In its letter to Mr Aslam, the Misr Hospital in Cairo says that “Mr Mikhaeil cannot live in Egypt due to the hot climate”. His condition means he cannot produce sweat.

If untreated the consequences of his condition can include “heat stroke and death” but currently there is a “lack of treatment for his rare genetic disorder” including drugs, the letter said.

“Undoubtedly, the absence of the required treatment for this rare disorder in Egypt would cause intense suffering or death,” said the hospital in their letter.

Mr Usman said it was a “massive concern” that his client is unable to get medical treatment in Egypt.

He said Mr Mikhaeil’s partner, Sarah Bradley, has been “left distraught” by the situation.

“They’ve agreed to get married and often the Home Office in these circumstances say ‘well show us a reason why you can’t go and live in Egypt’,” Mr Usman said.

“Well he can’t and there’s evidence to say he couldn’t live there.

“If they stop the flight they won’t make a decision for a year so there’s no need to keep him in detention at a cost to the public.”

Mr Mikhaeil is a graduate who speaks fluent English speaker and whose partner can support him, Mr Usman said. This meets the criteria for being allowed to stay: someone who can integrate and is not a burden on the state, he added.
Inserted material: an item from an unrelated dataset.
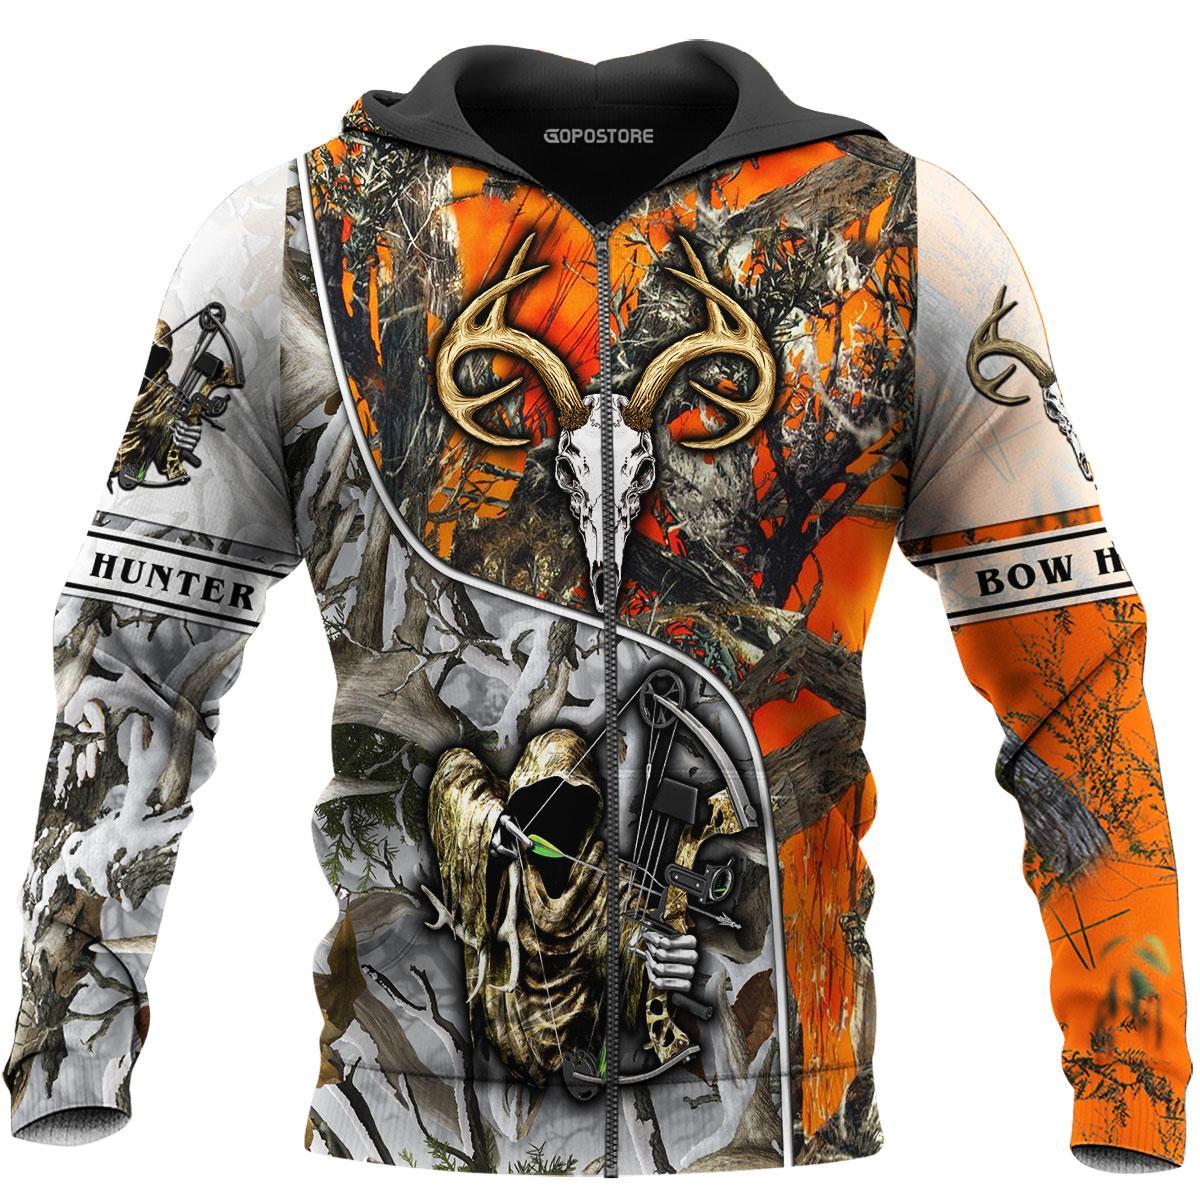 Bow Hunter 3d zip hoodie
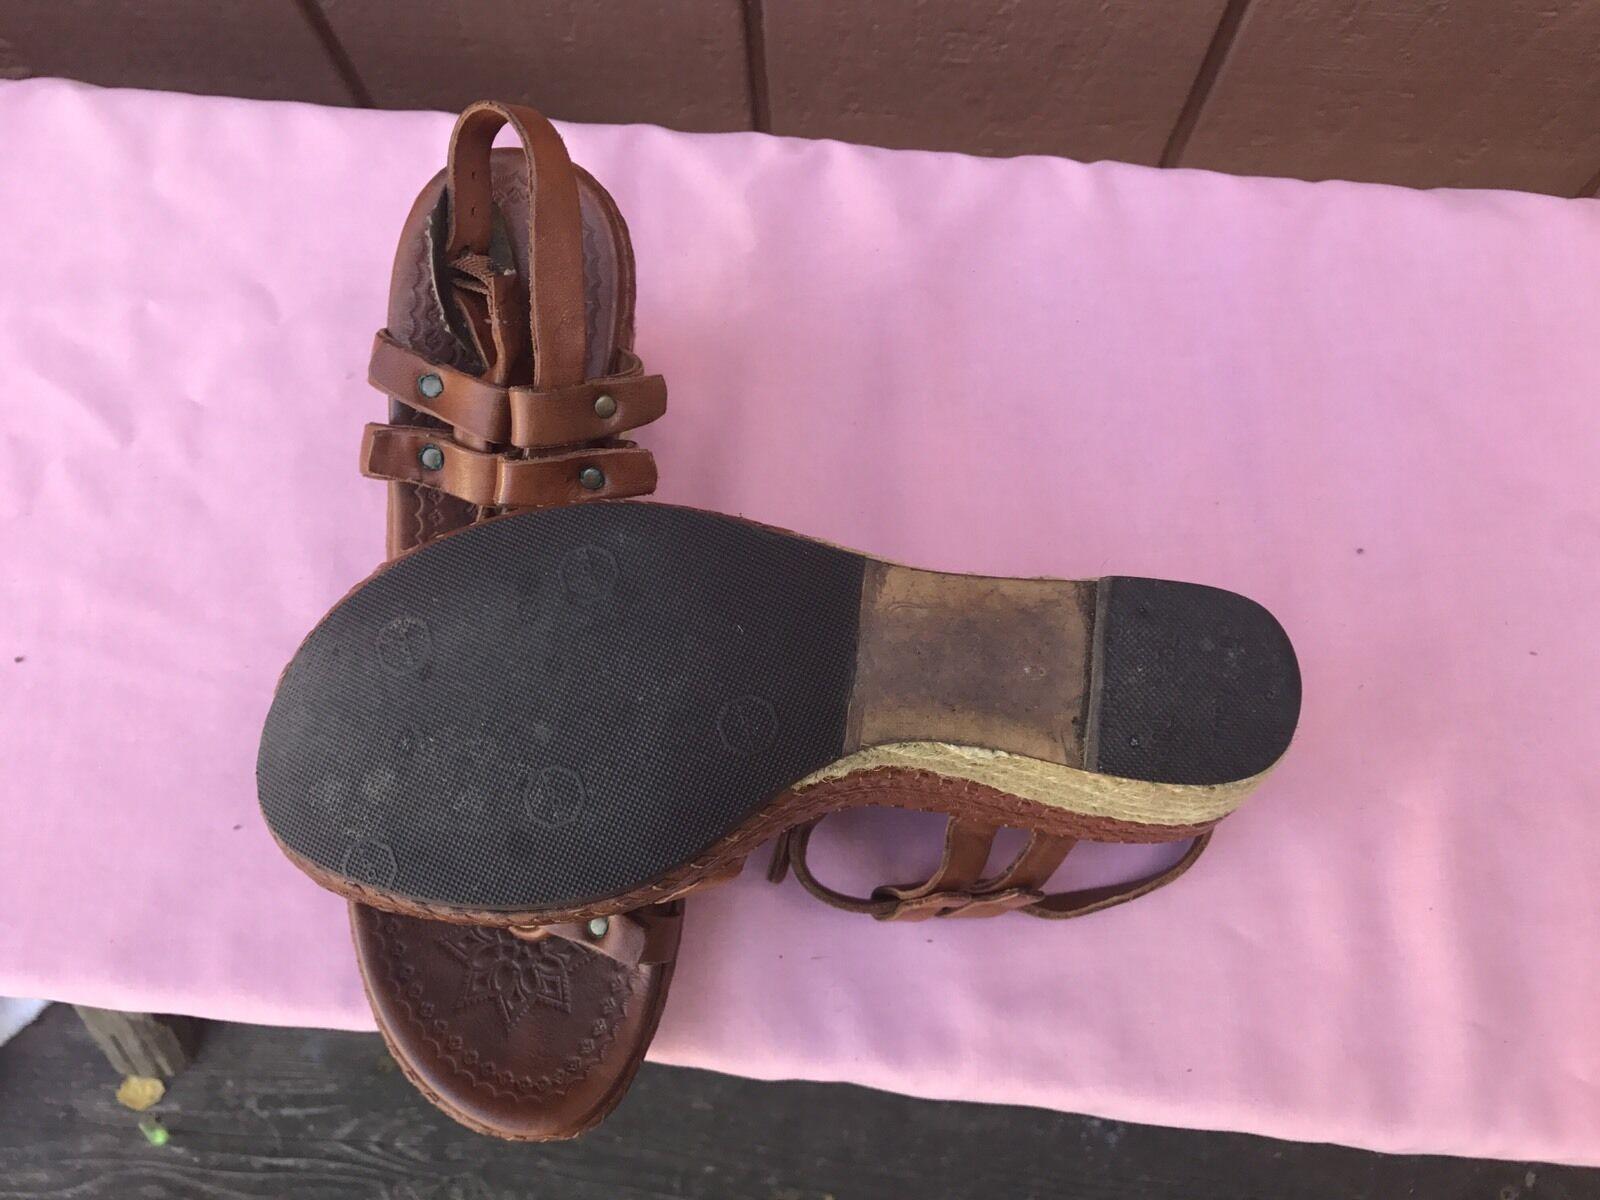 EUC ASH Braun Leder Platform Wedge Sandale EUR 6 36 US 5.5 - 6 EUR 537d1a

Ms Bradley described her partner’s condition as “quite severe”.

“On the best of days, Youssef walks around with occasional cramps, but other days he can be in severe pain,” she told The Scotsman.

He “is the kind of person who does everything by the book” and “until now, we’ve never had a problem” regarding his application, she said.

“But on this occasion, the Home Office, instead of going through the official procedure and calling his solicitor to find out what is happening, made the decision there and then to start the procedure of detainment,” she said.

A Home Office representative said: “All applications for leave to remain are carefully considered on their individual merits, on the basis of the evidence provided and in accordance with the immigration rules.

“In some cases immigration detention is required while we organise an individual’s removal from the UK. We only return those with no legal right to remain in the UK and will not return anyone to countries where they have been found to be at risk of persecution or serious harm."